▼

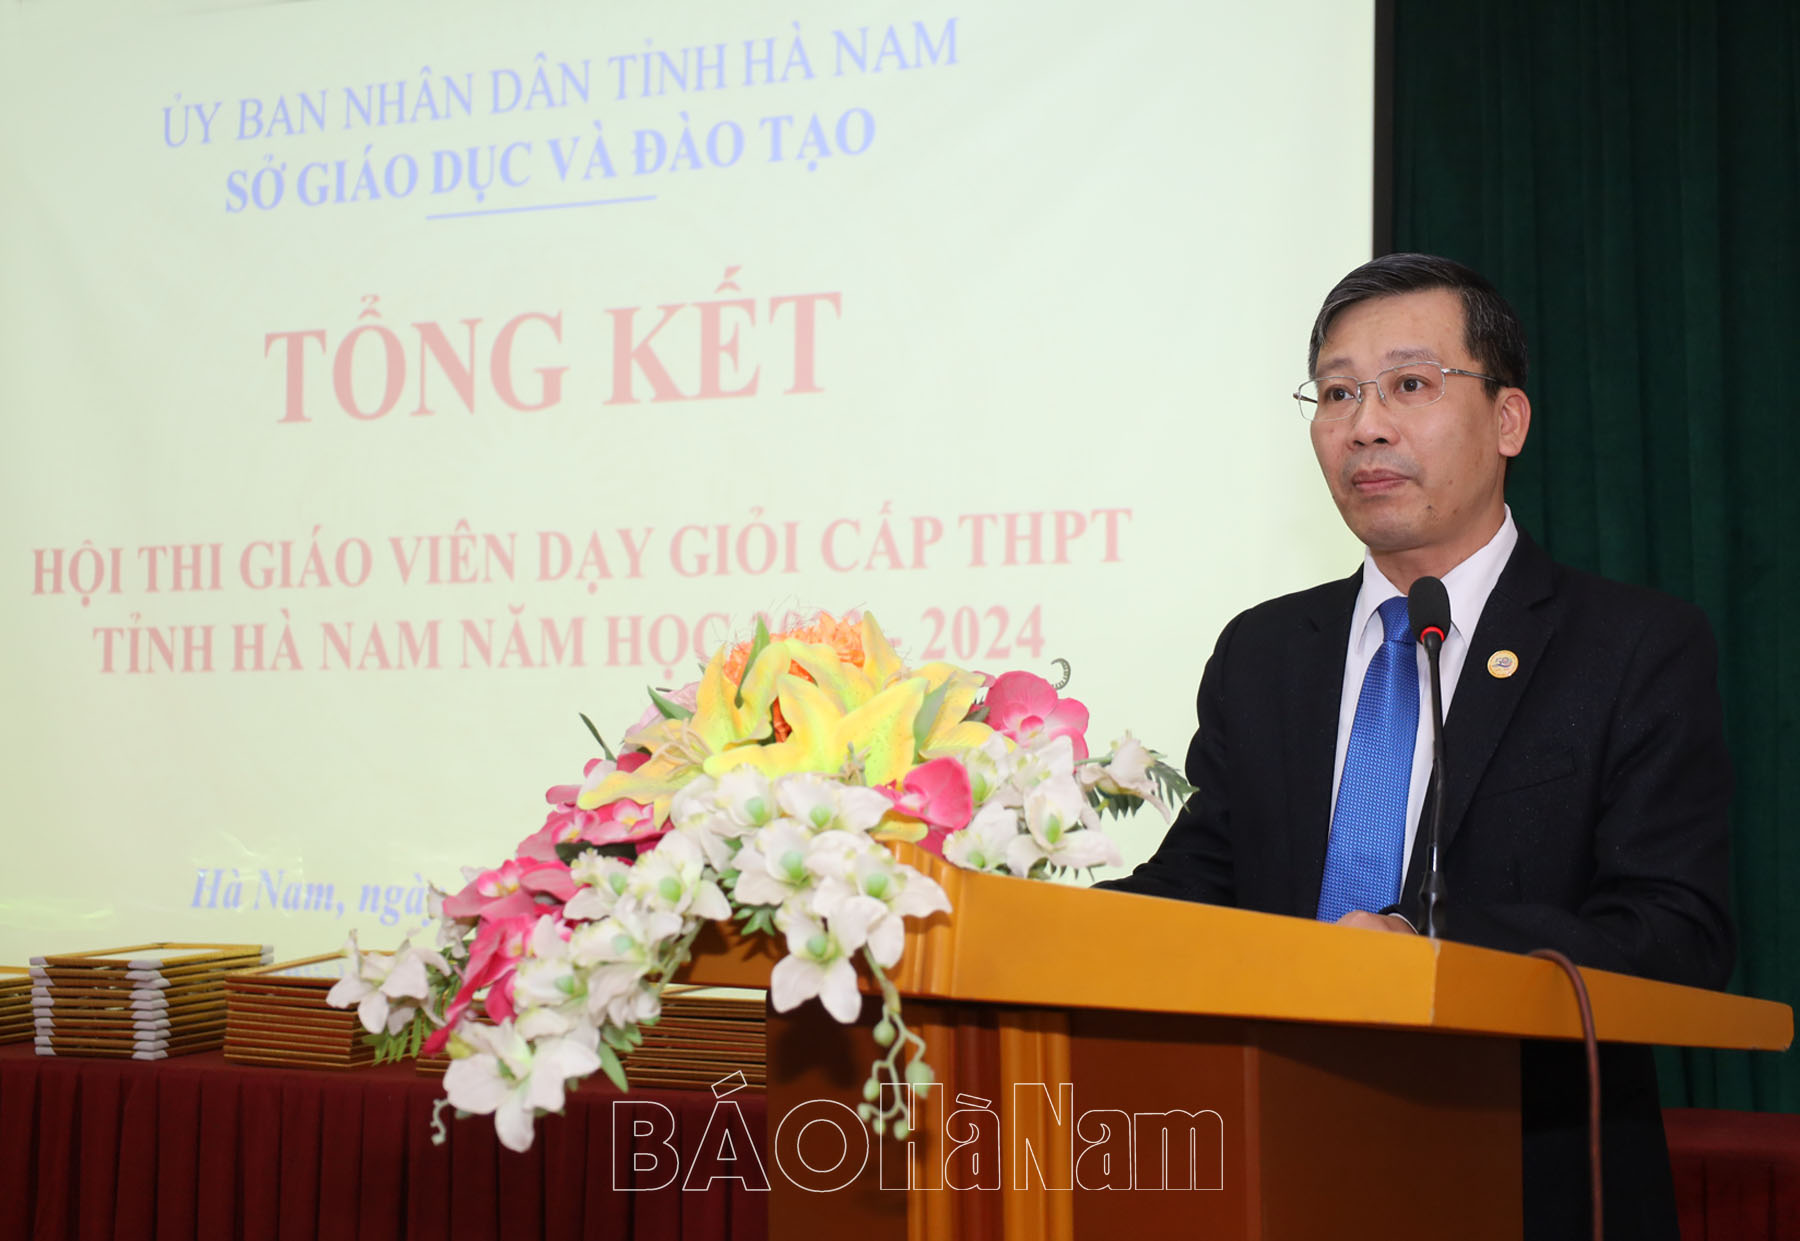 47 giáo viên được công nhận Giáo viên dạy giỏi cấp THPT tỉnh Hà Nam năm ...
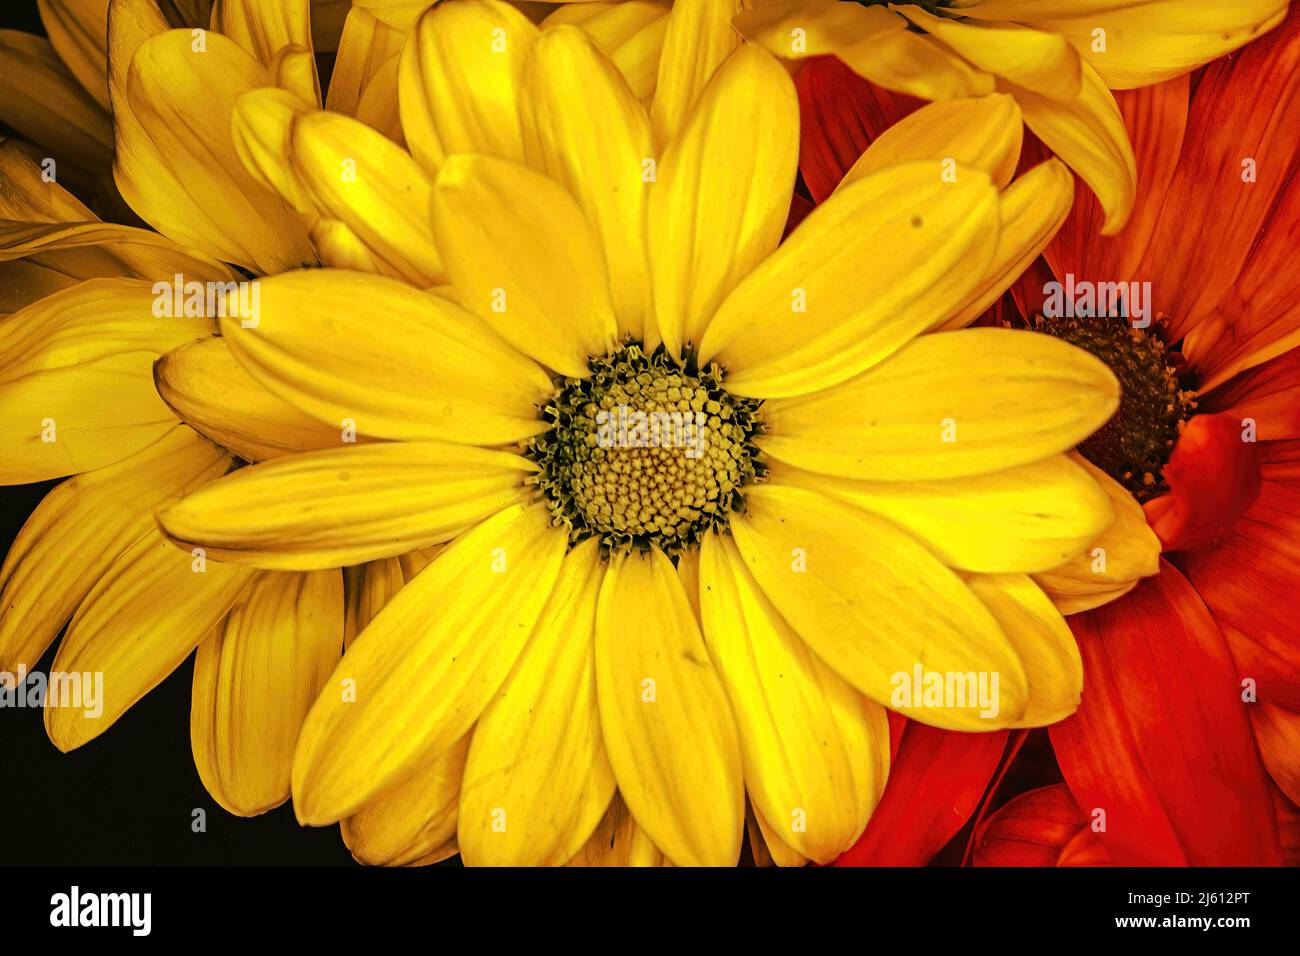 Eine gelbe Beleuchtung für Blumen und Gänseblümchen Stockfoto
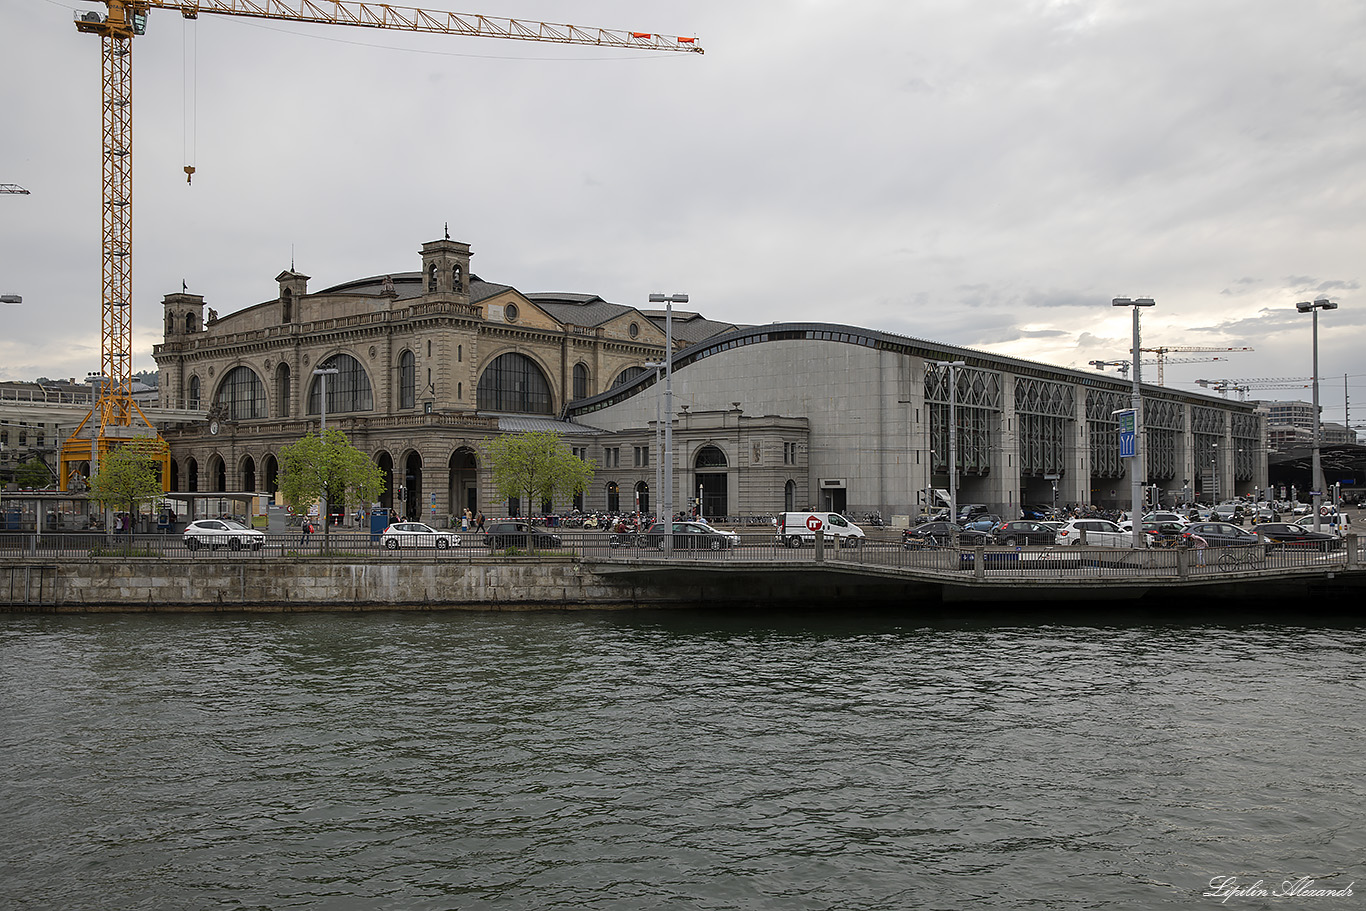 Цюрих (Zürich)  Железнодорожный вокзал Цюриха
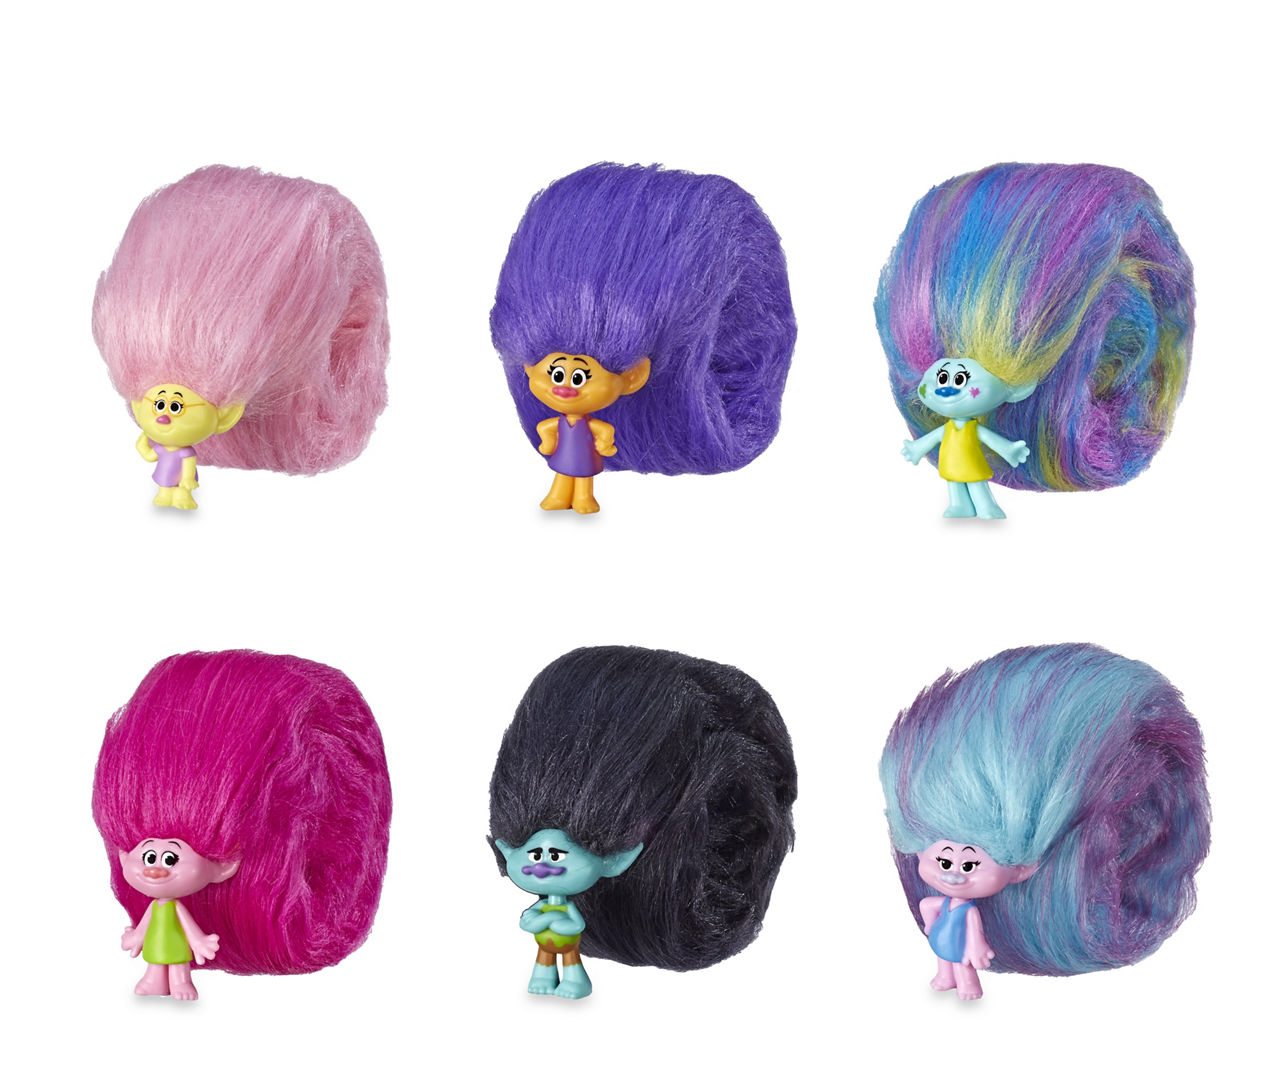 Trolls Hair Huggers Series 1 10 Blind Bag Figures Toy Unboxing

▲

THE TASK: Omit any images, then output the listing exactly.

SOLVED PROBLEM:
 47 giáo viên được công nhận Giáo viên dạy giỏi cấp THPT tỉnh Hà Nam năm ...
 Eine gelbe Beleuchtung für Blumen und Gänseblümchen Stockfoto
 Цюрих (Zürich)  Железнодорожный вокзал Цюриха
 Trolls Hair Huggers Series 1 10 Blind Bag Figures Toy Unboxing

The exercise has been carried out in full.